DATA SEGMENT:
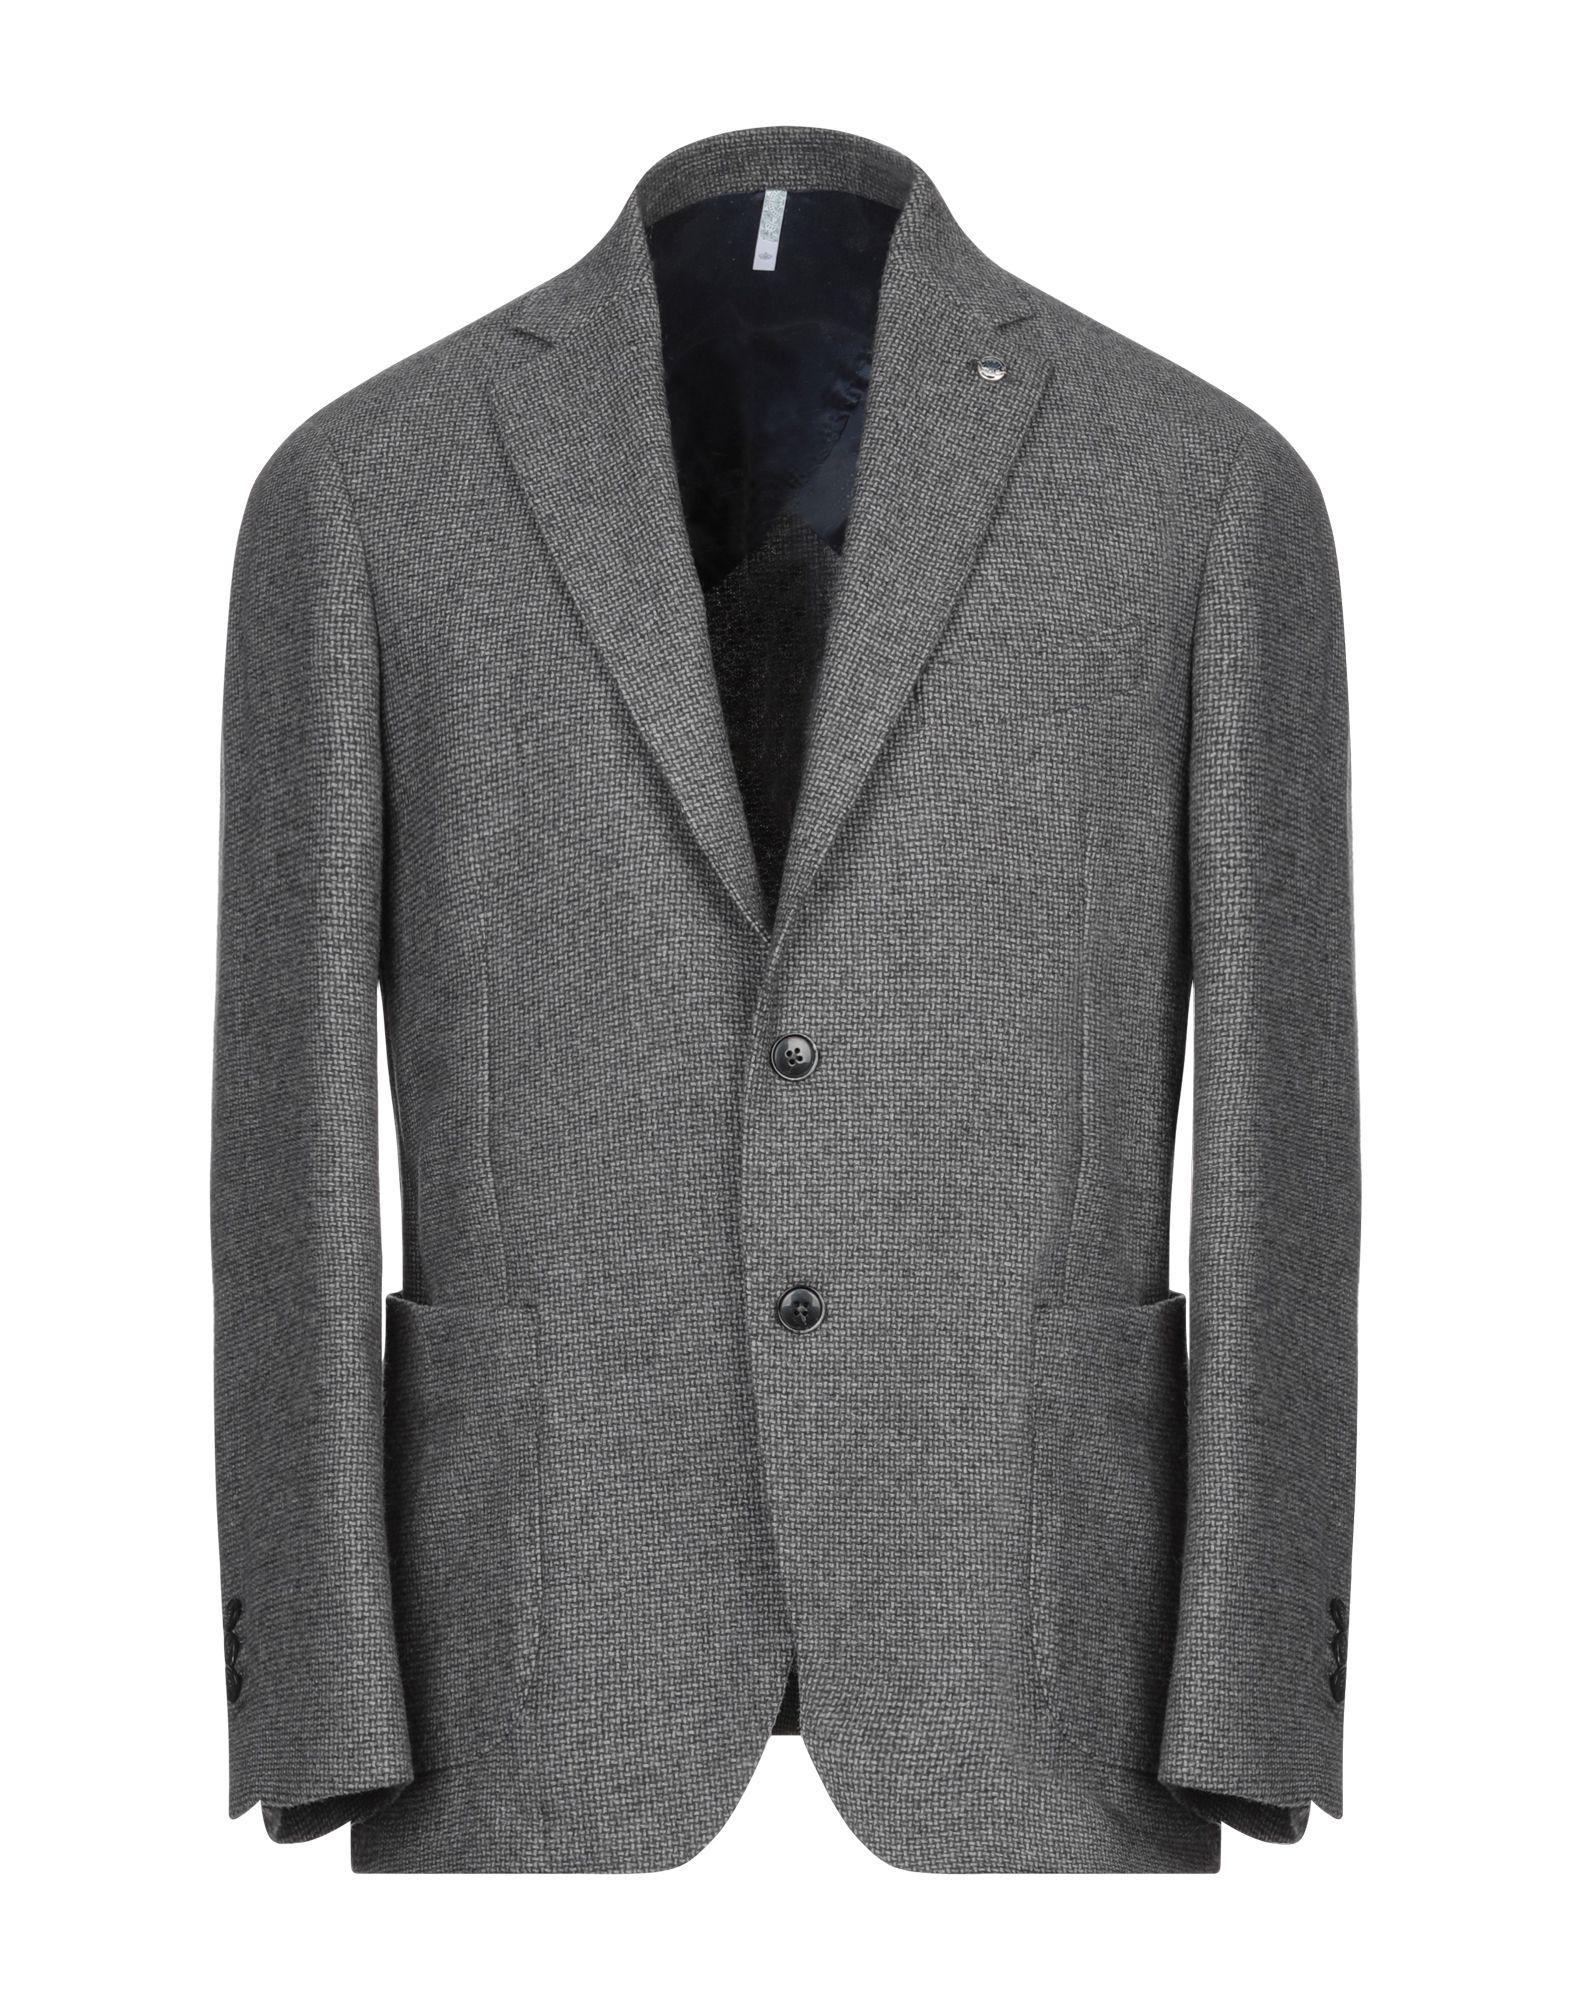 Domenico Tagliente Flannel Blazer in Grey (Gray) for Men - Lyst
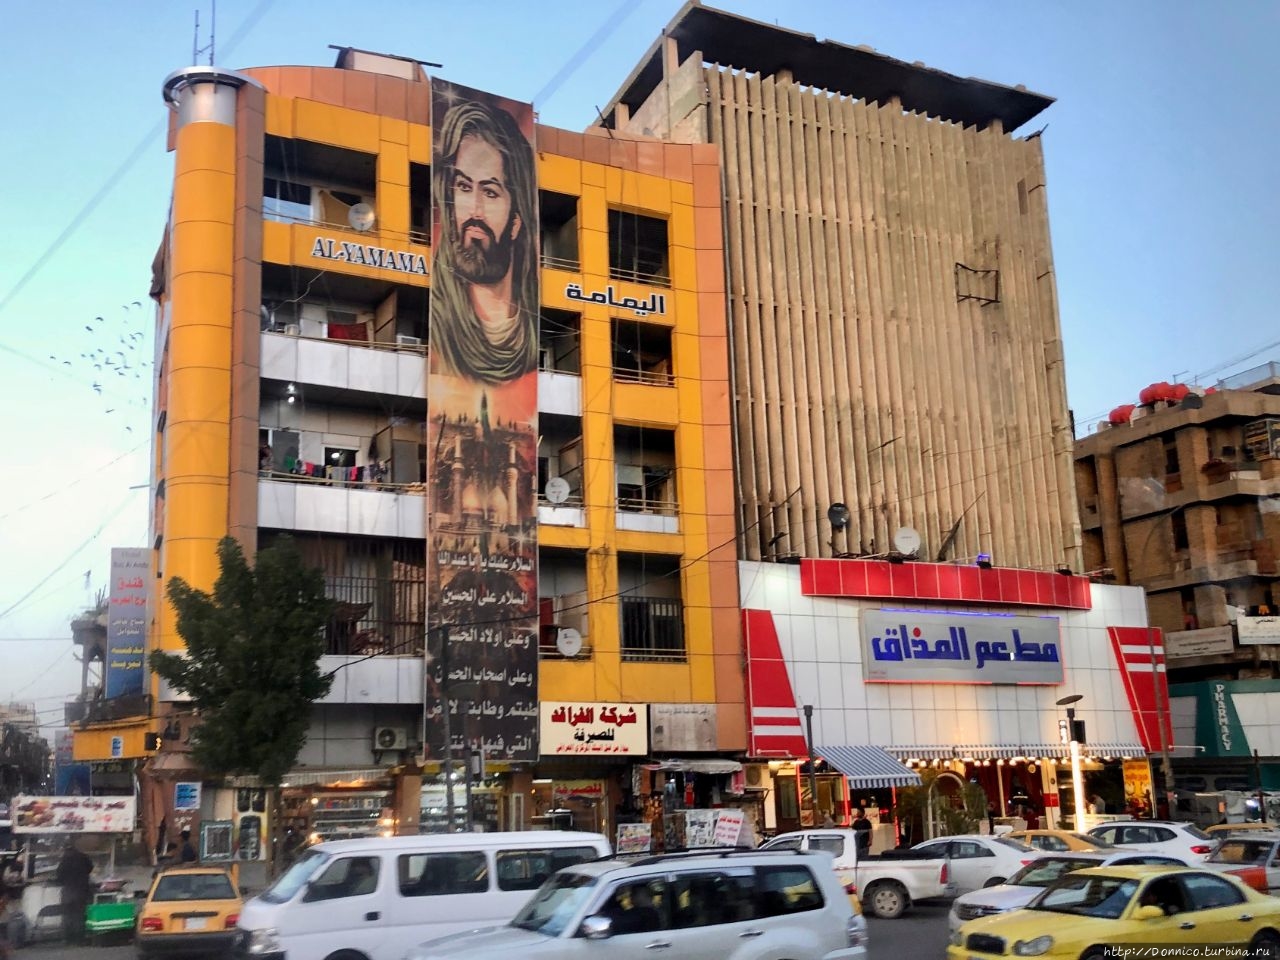 Каррада (район Багдада) Багдад, Ирак
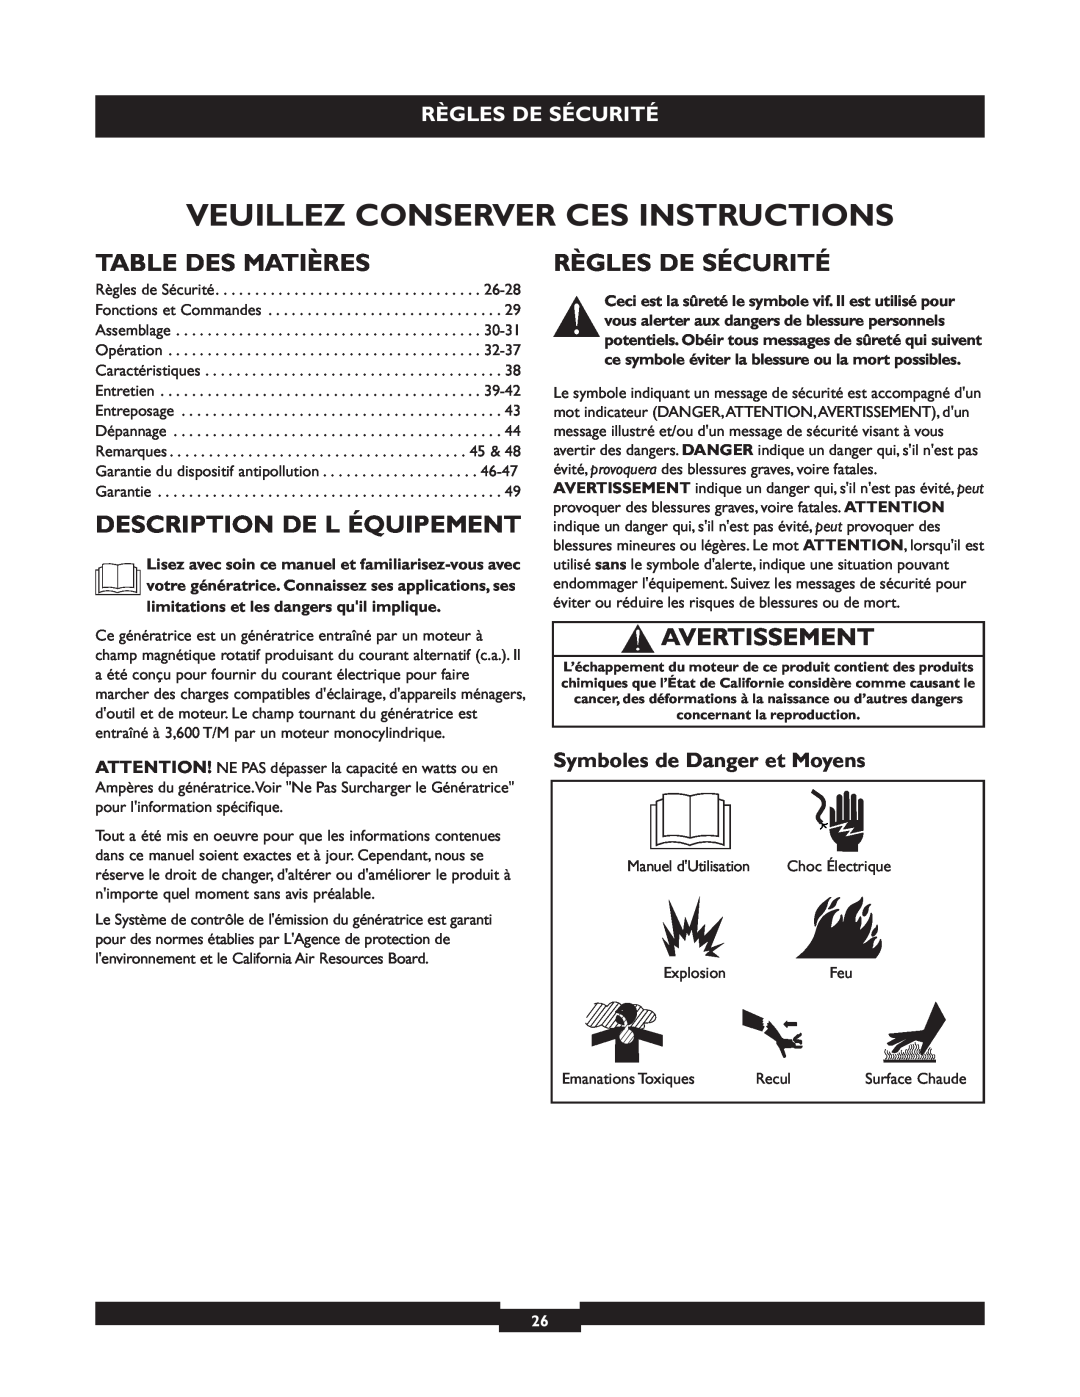 Briggs & Stratton 30236 Veuillez Conserver Ces Instructions, Table Des Matières, Description De L Équipement 
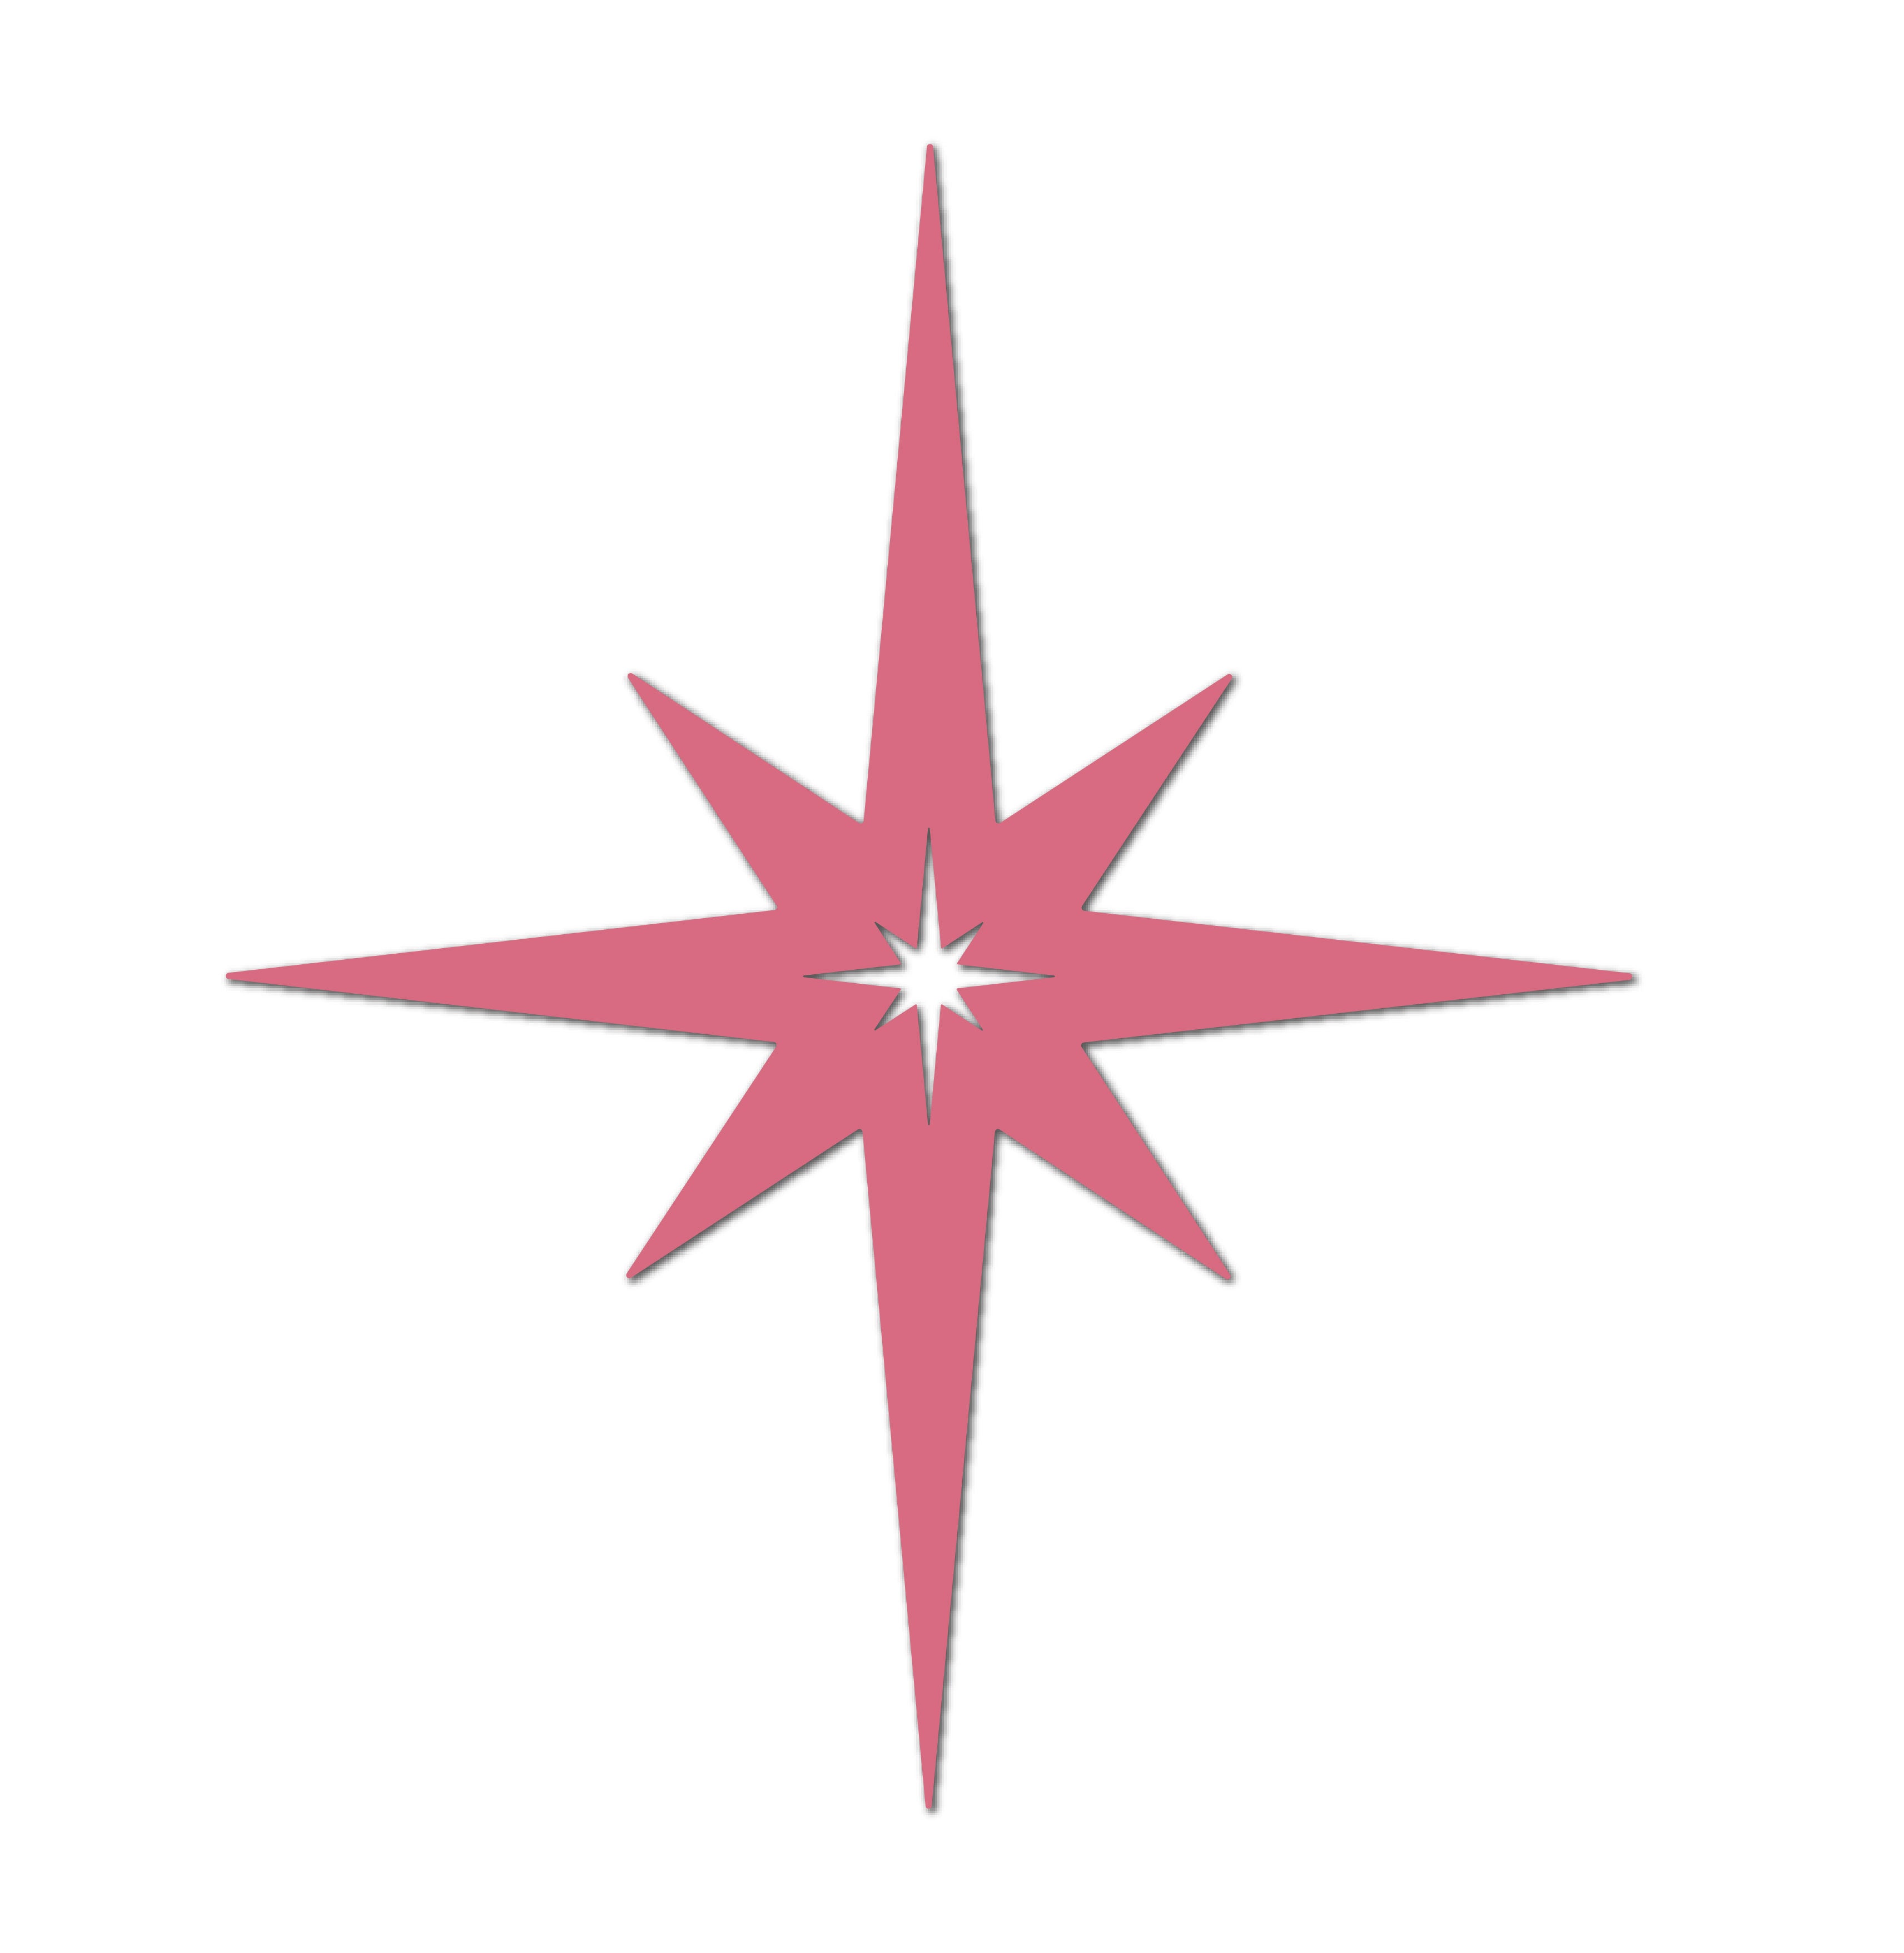 The Sparkle - Mid-century Modern 8 Point Starburst

EXERCISE DIRECTIONS: Everything in the preceding material must be transcribed exactly, except the images.

RESPONSE BELOW:
 Domenico Tagliente Flannel Blazer in Grey (Gray) for Men - Lyst
 Каррада (район Багдада) Багдад, Ирак
 Briggs & Stratton 30236 Veuillez Conserver Ces Instructions, Table Des Matières, Description De L Équipement 
 The Sparkle - Mid-century Modern 8 Point Starburst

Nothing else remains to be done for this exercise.